§ **What to do**
What lines in the records below contain the string "Creek"? Copy every one.

§ **Given data**
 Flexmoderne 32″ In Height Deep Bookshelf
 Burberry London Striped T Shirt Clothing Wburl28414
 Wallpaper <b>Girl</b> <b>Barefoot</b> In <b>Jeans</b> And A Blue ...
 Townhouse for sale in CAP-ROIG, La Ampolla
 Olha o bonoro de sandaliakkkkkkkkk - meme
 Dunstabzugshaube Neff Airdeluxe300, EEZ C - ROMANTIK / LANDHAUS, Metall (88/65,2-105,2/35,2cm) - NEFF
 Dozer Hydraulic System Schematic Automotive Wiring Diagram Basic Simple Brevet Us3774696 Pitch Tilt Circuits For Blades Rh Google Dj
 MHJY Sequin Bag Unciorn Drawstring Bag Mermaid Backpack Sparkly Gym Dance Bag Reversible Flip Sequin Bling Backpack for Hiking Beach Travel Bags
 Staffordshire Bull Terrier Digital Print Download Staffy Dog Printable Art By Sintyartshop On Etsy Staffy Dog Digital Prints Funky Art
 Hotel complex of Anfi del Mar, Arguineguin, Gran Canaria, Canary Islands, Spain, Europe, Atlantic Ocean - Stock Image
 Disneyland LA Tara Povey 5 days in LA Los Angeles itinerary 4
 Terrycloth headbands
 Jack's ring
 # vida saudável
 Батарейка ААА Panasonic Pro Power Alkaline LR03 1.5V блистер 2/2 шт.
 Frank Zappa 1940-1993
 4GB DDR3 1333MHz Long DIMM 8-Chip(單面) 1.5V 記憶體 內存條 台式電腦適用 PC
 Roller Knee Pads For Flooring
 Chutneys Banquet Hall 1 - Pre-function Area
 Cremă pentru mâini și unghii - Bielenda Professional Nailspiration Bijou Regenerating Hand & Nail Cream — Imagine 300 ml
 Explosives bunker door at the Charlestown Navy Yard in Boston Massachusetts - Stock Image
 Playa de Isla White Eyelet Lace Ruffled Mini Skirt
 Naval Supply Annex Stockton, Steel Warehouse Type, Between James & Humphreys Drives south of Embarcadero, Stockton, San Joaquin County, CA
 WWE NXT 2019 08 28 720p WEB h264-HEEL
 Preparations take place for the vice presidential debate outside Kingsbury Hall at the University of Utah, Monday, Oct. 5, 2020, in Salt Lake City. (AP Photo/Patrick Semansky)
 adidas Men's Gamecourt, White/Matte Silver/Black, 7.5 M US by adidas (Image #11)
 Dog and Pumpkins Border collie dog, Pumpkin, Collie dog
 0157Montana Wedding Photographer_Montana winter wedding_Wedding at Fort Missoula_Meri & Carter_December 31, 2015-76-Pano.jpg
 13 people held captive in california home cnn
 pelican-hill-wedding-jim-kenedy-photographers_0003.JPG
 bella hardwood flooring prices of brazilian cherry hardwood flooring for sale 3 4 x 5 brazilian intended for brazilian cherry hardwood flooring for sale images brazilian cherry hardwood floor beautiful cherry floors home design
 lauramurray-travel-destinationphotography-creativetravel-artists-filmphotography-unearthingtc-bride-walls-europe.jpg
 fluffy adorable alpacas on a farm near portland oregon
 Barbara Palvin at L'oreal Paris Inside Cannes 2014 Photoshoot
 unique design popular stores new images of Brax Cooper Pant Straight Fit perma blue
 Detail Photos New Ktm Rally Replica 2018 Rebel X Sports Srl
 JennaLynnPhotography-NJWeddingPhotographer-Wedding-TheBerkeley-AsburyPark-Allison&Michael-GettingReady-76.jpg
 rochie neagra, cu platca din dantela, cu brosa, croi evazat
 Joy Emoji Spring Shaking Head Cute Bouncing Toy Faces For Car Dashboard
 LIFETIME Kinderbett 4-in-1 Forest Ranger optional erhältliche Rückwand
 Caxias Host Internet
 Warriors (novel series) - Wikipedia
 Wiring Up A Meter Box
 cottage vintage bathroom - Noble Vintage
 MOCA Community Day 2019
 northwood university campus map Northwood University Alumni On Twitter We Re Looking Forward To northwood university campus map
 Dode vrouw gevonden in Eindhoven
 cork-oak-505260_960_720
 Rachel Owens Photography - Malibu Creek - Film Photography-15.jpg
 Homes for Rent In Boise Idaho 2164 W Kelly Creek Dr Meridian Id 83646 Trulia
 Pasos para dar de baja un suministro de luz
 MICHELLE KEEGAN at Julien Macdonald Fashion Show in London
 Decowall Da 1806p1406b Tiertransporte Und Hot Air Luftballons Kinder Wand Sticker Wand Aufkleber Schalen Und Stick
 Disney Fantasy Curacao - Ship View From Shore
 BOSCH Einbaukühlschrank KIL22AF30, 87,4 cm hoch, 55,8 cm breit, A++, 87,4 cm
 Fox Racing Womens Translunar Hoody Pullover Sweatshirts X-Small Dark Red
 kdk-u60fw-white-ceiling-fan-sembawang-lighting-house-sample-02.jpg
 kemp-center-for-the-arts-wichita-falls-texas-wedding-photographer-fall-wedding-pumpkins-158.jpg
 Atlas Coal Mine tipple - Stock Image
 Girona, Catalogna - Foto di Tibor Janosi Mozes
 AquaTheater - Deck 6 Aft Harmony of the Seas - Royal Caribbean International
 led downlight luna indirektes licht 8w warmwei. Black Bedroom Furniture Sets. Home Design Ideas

§ **Answer for this exercise**
 Rachel Owens Photography - Malibu Creek - Film Photography-15.jpg
 Homes for Rent In Boise Idaho 2164 W Kelly Creek Dr Meridian Id 83646 Trulia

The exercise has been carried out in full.